Chaining Operator in Climb Method Chaining jQuery Method Chaining Extended Climb Christopher

Chaining Operator in Climb Method Chaining jQuery Method Chaining Extended Climb Christopher

Chaining Operator in Climb Introduction Chaining Operator in Climb Method Chaining jQuery Method Chaining Extended Climb Christopher Chedeau Image Processing Implementation Attempts Dollar macro LRDE Extensions Laboratoire de

554 views • 42 slides
Using first order logic (Ch. 9) Backward chaining Backward chaining is almost the opposite of

Using first order logic (Ch. 9) Backward chaining Backward chaining is almost the opposite of

Using first order logic (Ch. 9) Backward chaining Backward chaining is almost the opposite of forward chaining (and eliminating irrelevancy) You try all sentences that are of the form: , and try to find a way to satisfy P1, P2, ... recursively

753 views • 41 slides
Occupation. Oc Meani Me ning ng. . Pu Purpose. KA KATYA HALS LSALL LL DI DIRECTOR

Occupation. Oc Meani Me ning ng. . Pu Purpose. KA KATYA HALS LSALL LL DI DIRECTOR

26 September 2018. Getting Personal: Contemporary practice in personal injury/medical negligence Occupation.
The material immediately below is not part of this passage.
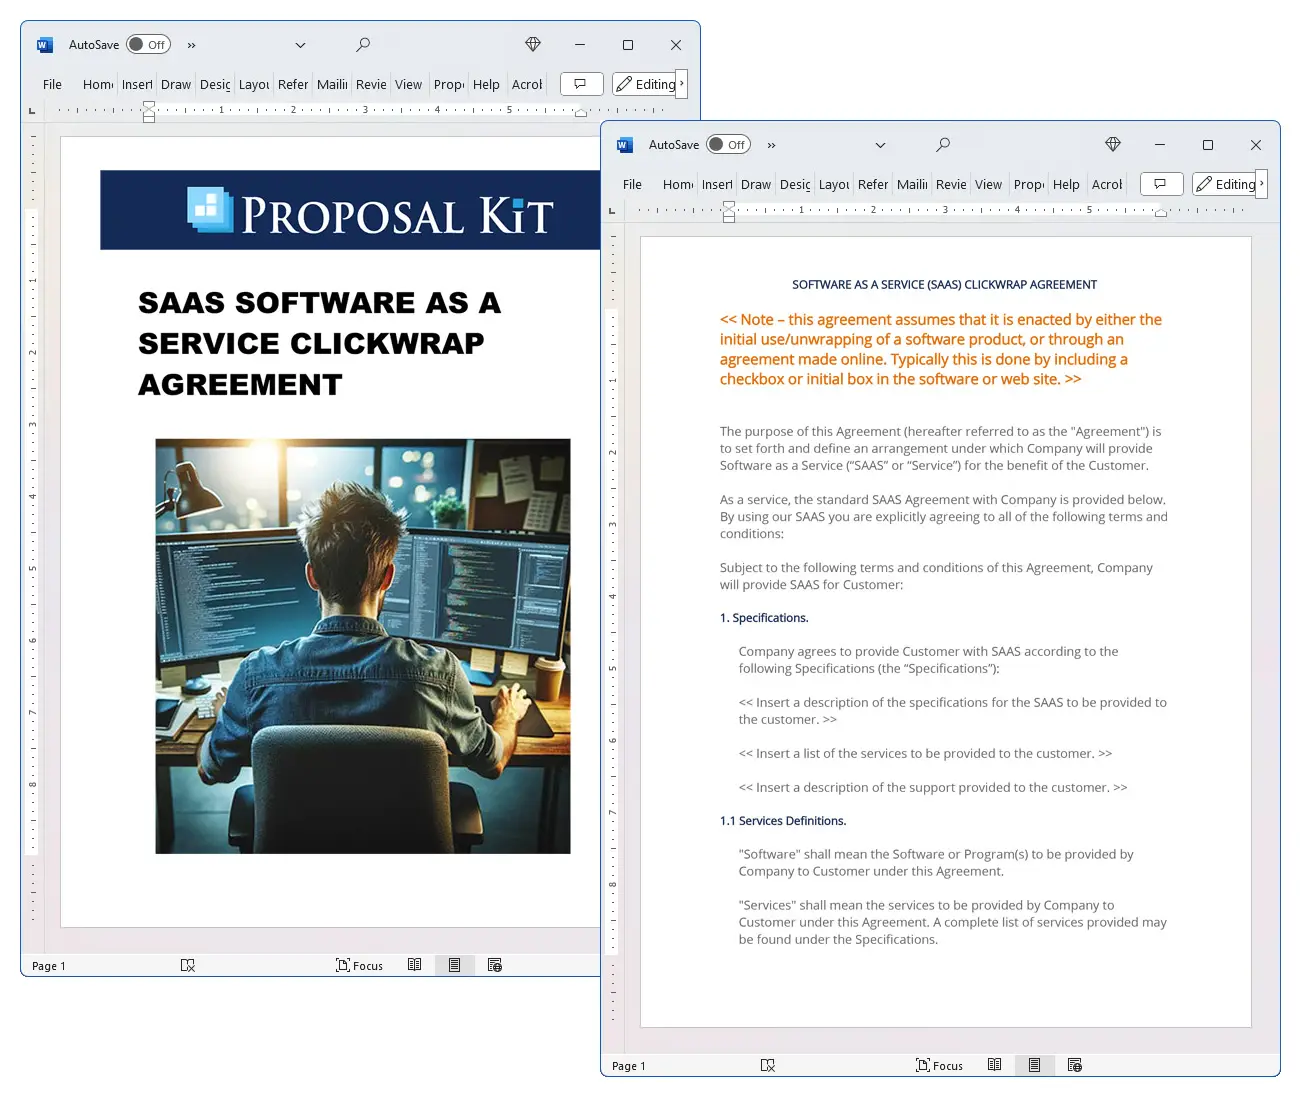 SAAS Software as a Service Clickwrap Agreement Concepts

Oc Meani Me ning ng. . Pu Purpose. KA KATYA HALS LSALL LL DI DIRECTOR What is on the menu Being in suitable work is good

441 views • 17 slides
Additives for polyolefins: chemistry involved and innovative effects Mara Destro Intelligent

Additives for polyolefins: chemistry involved and innovative effects Mara Destro Intelligent

Additives for polyolefins: chemistry involved and innovative effects Mara Destro Intelligent packaging; session number7733 Outline of Presentation Weatherability of HALS in LLDPE Film and Impact of PPA on the Performance of HALS Oxygen

594 views • 37 slides
Using SoC Vendor HALs in in the Zephyr Proje ject Maureen Helm, NXP What is Zephyr Project?

Using SoC Vendor HALs in in the Zephyr Proje ject Maureen Helm, NXP What is Zephyr Project?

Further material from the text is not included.